# MEDWAY RIVER CARNAGE by DREDGER



## TQA (Apr 4, 2009)

A dredger making it's way down the Medway river in thick fog on the 28th of September collided with a number of yachts and dismasted at least 10 of them. The yachts were moored on a trot at the edge of the channel. The dredger although not required to do so is reported to have had a Medway river pilot on board.

Here is one of the ten.








Picture courtesy of XYACHTDAVE.

Not a good end of season happening.


----------



## MarkofSeaLife (Nov 7, 2010)

I leave my AIS on all the time.


----------



## mbianka (Sep 19, 2014)

Looks like the boat in the picture was moored Pilot should have been aware of those boats in that location. Looks like the local riggers will be busy over the winter.


----------



## TQA (Apr 4, 2009)

mbianka said:


> Looks like the boat in the picture was moored Pilot should have been aware of those boats in that location. Looks like the local riggers will be busy over the winter.


As I said in the OP they were moored in a trot which I take to be moored fore and aft. This allows for a higher density of boats as they do not swing.

The strange thing is the lack of hull damage. It may have been something protruding from the dredger above deck level that did the damage.


----------



## bljones (Oct 13, 2008)

the dredger in question:


----------



## Steve523 (Jan 2, 2014)

So if the boats were at anchor is the dredger liable for the damages?


----------



## TQA (Apr 4, 2009)

Steve523 said:


> So if the boats were at anchor is the dredger liable for the damages?


Well they were on recognized moorings and the inhabited one was showing an anchor light.

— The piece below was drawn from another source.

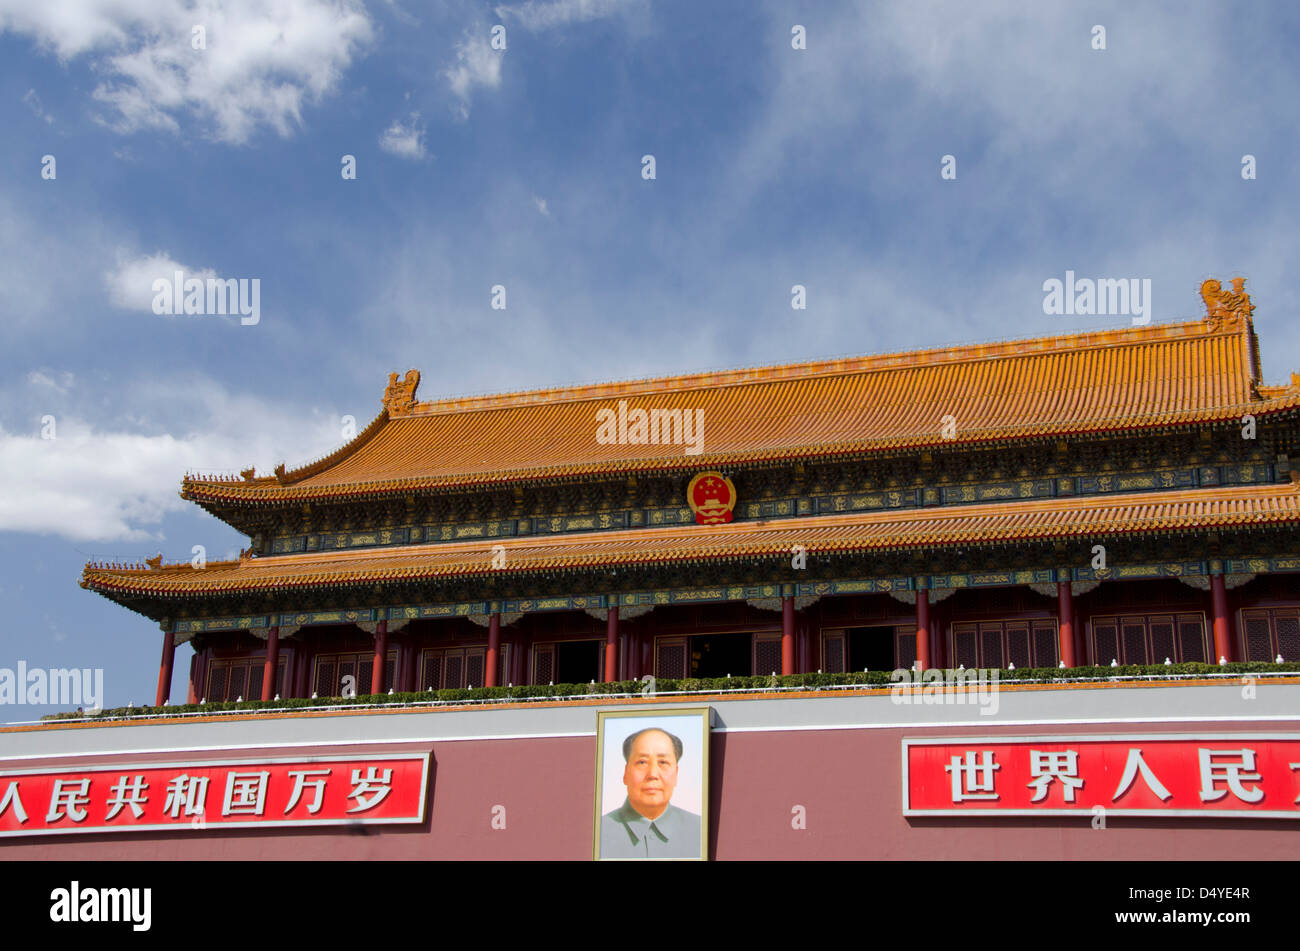 Cina, Pechino, Città Proibita. Porta della Pace Celeste con il ritratto di Mao, entrata alla Città Proibita da piazza Tiananmen. Foto Stock

Is the dredger liable? Oh yes.


----------



## Multihullgirl (Dec 2, 2010)

Might want to check, but if I recall, in the International Rules there is a requirement for boats, including those at anchor, to make sound signals in fog...


----------



## Barquito (Dec 5, 2007)

Even if they are on a mooring?


----------



## Steve523 (Jan 2, 2014)

It seems that boats unattended cannot be practically equipped for sounding off in fog, they were in a proper anchorage. The boat under way was responsible for proper navigation. It would seem that deviating into an area designated as a mooring area would constitute a failure to navigate in a safe manner. Wish I had my navigation rules book with me....


----------



## Multihullgirl (Dec 2, 2010)

I am curious as to the applicability of this rule, which admittedly is from the USCG Nav Rules (and the incident in question is, I believe, in the UK) (bold'ed mine)

_________________

Rule 35 - Sound Signals in Restricted Visibility Return to the top of the page

In or near an area of restricted visibility, whether by day or night the signals prescribed in this Rule shall be used as follows:

(a) A power-driven vessel making way through the water shall sound at intervals of not more than 2 minutes one prolonged blast.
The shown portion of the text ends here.